The next crypto crash may not start in crypto at all.
That is the argument crypto strategist Ted put forward in an interesting post today, pointing to a silent liquidity crisis unfolding in Japan’s bond market as a potential trigger for the next major sell-off in digital assets.
The timing is not hypothetical. Japan’s 30-year government bond yield has climbed to 3.79% as of March 30, up 1.27 points from a year ago. The 40-year yield has risen to 4.03%, up 1.23 points over the same period. The 10-year yield is hovering close to its highest levels since 1999 at around 2.36%, with the yen having breached the critical 160 per dollar level – a threshold that historically triggers intervention pressure on the Bank of Japan.
These are alarming live readings from the world’s fourth-largest economy actively dismantling decades of near-zero interest rate policy.
The connection runs through what markets call the yen carry trade. For years, investors borrowed cheaply in Japanese yen and deployed those funds into higher-returning assets globally – US equities, emerging market bonds, and increasingly, crypto.
“Crypto depends heavily on this global flow of easy money,” Ted wrote. “When liquidity tightens, people reduce risk and sell volatile assets like crypto.”
When Japanese yields rise, borrowing in yen becomes more expensive. The trade reverses. Investors pull capital back, global liquidity tightens, and crypto – as the most volatile and liquid risk asset – is typically sold first. Altcoins fall harder than Bitcoin for the same reason.
BIS data points to hundreds of billions of dollars in yen-denominated loans to non-banks outside Japan. Morgan Stanley estimated outstanding yen carry positions at roughly $500 billion as of December 2025.
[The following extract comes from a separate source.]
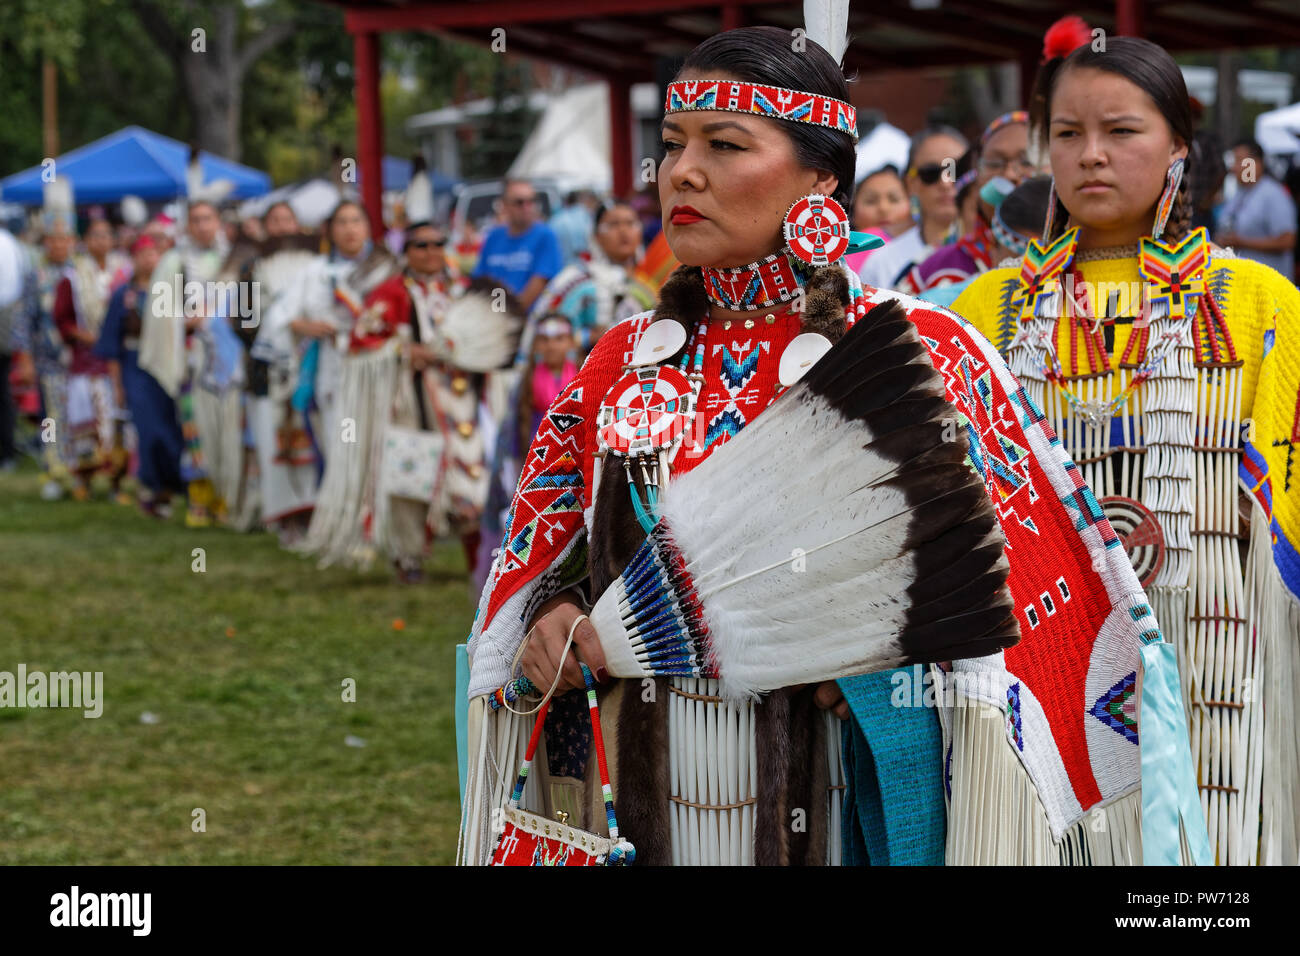 BISMARK, NORTH DAKOTA, September 9, 2018 : Women dancers of the 49th annual United Tribes Pow Wow, one large outdoor event that gathers more than 900  Stock Photo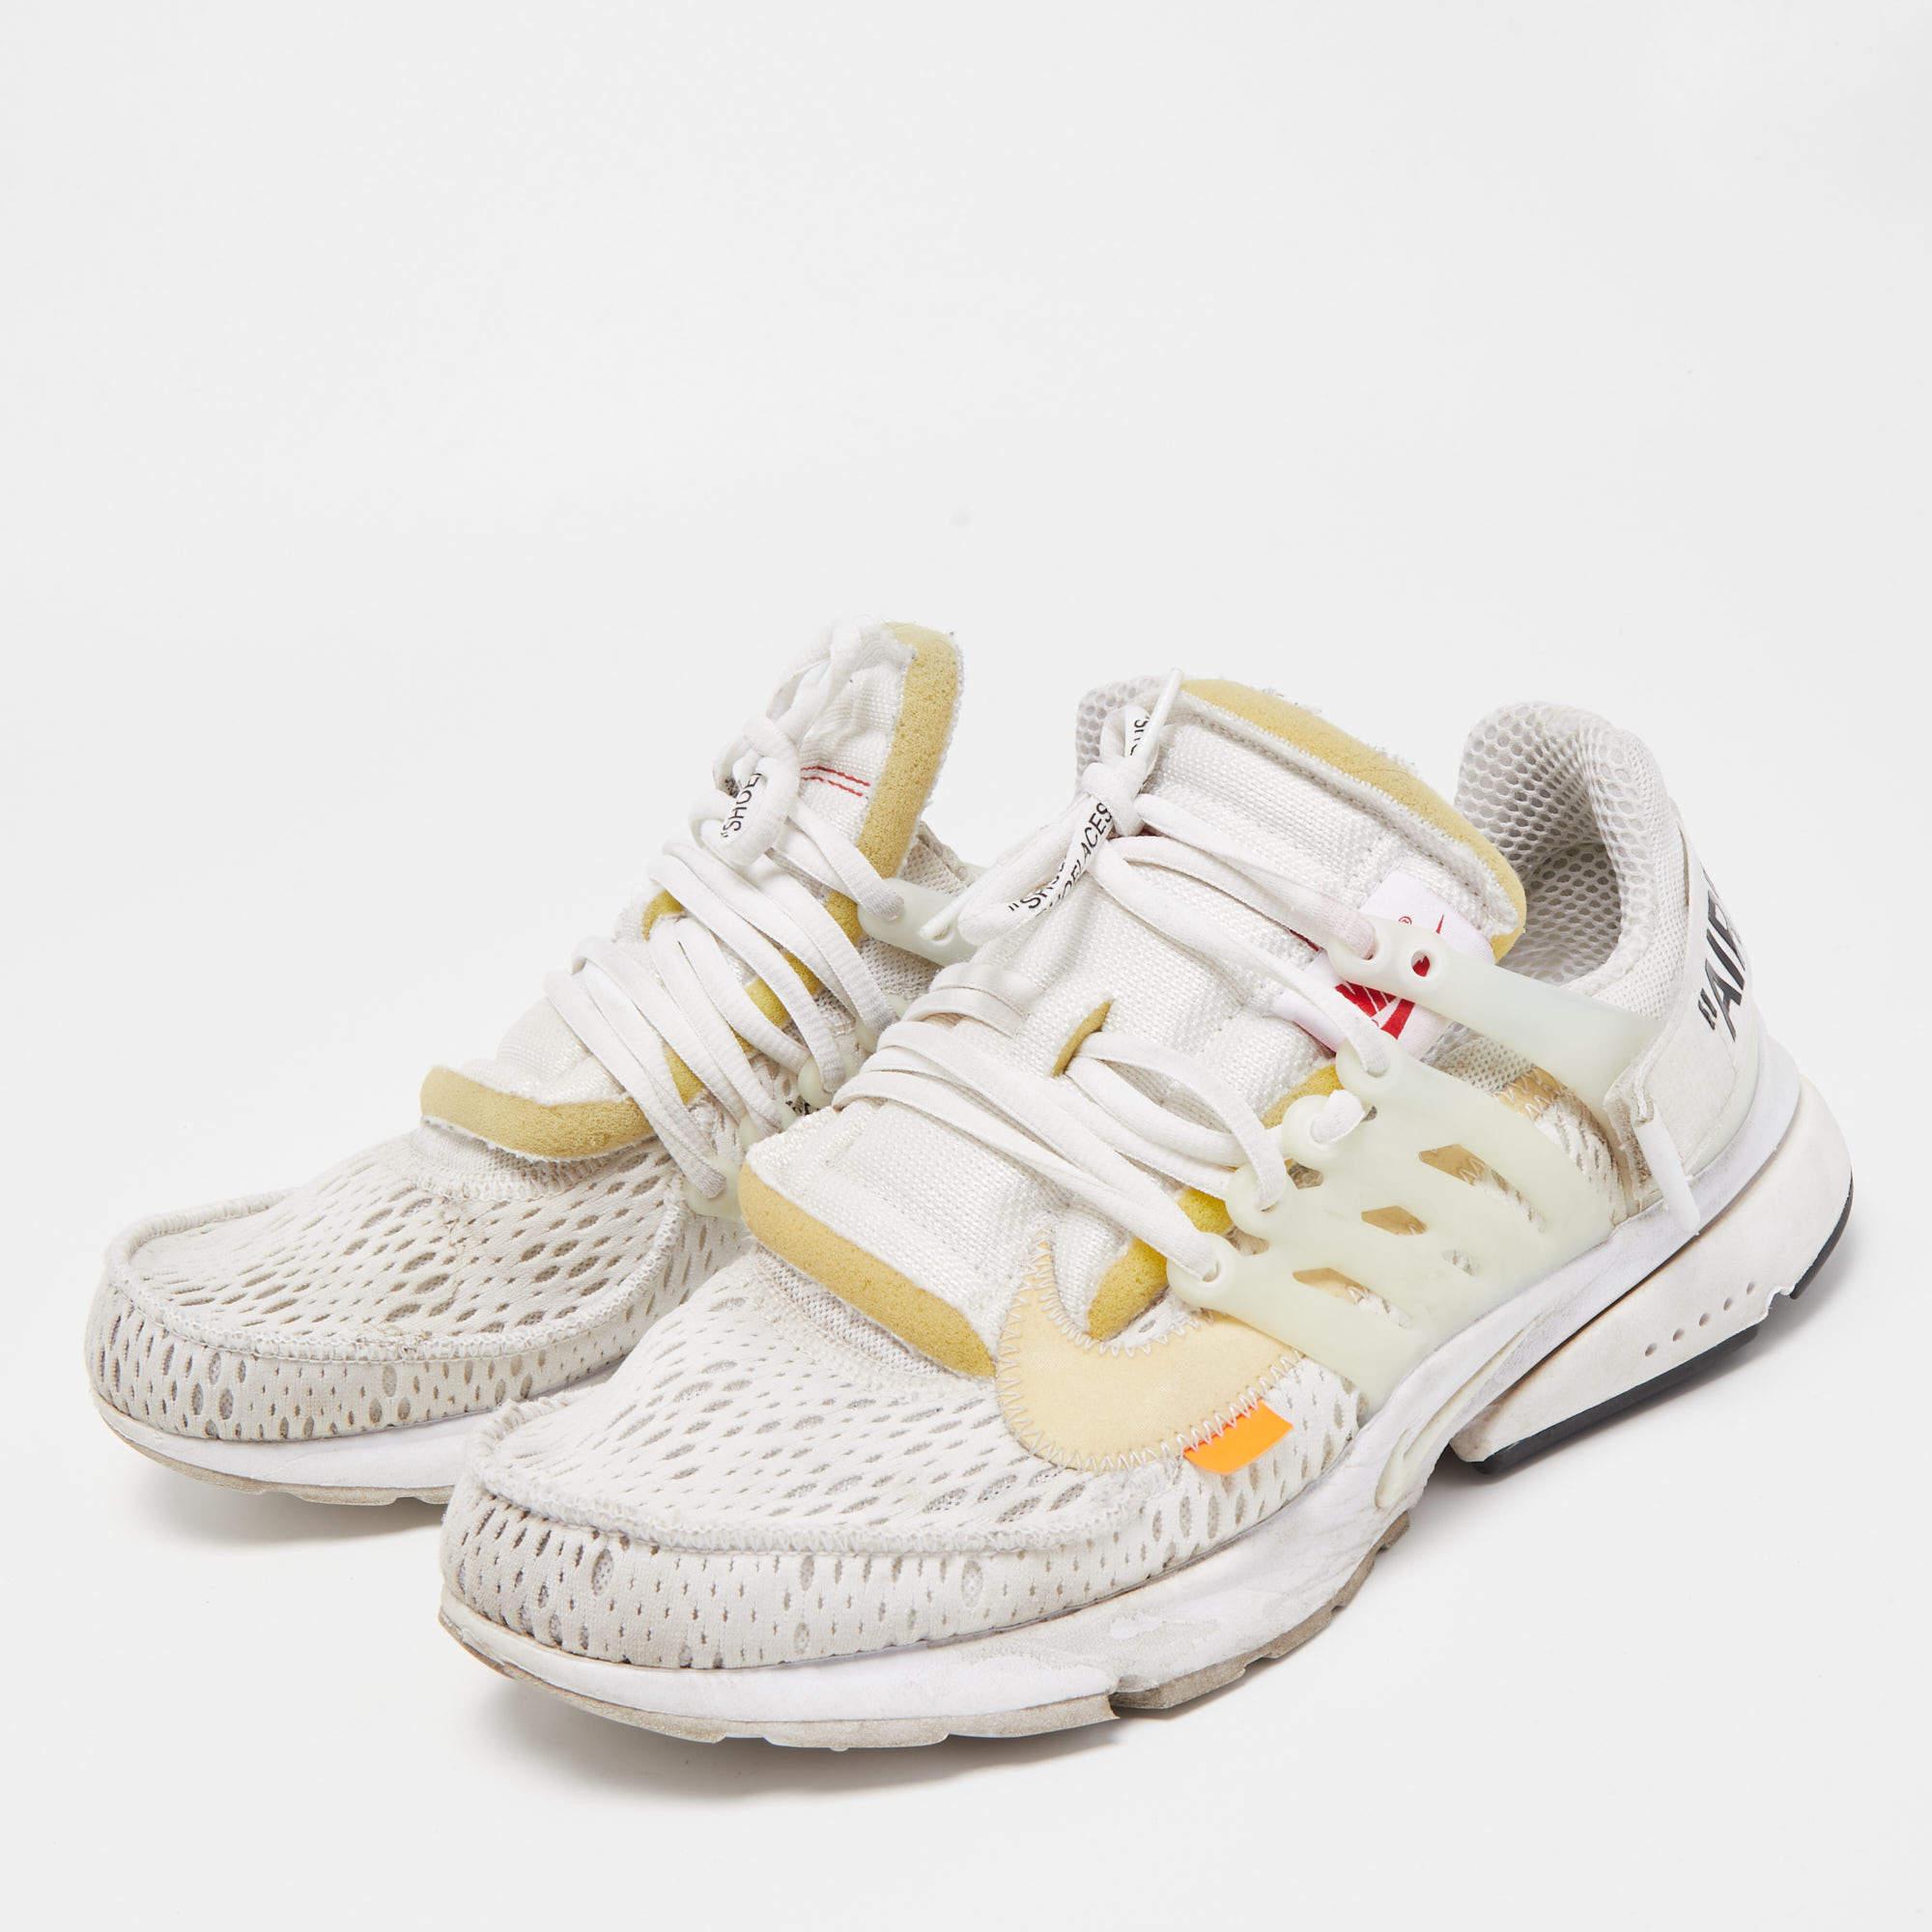 Men's Nike x Off White White Fabric Air Presto Low Trainers Sneakers Size 42.5 For Sale

In case you’re thinking this is just a theoretical risk, there’s some bad news.
In August 2024, a BOJ rate hike triggered a carry trade unwind that sent Bitcoin and Ethereum down up to 20%. In December 2025, another hike to 0.75% moved Bitcoin from $91,000 to $88,500 within hours of the announcement.
The Bank of Japan is widely expected to raise rates to 1% at its April 28 meeting, which would mark the highest level since the mid-1990s.
Ted also acknowledges the other side. If yields spike hard enough to destabilize markets, the BOJ historically intervenes – buying bonds and injecting liquidity. When that happens, risk assets including crypto tend to recover sharply.
“More liquidity pushes crypto up, less liquidity pushes it down,” he wrote. “Rising Japanese yields equal tightening liquidity equal short-term pressure on crypto. But if central banks react, it can later become fuel for the next bull run.”
The April BOJ meeting is now one of the most important macro events on the crypto calendar.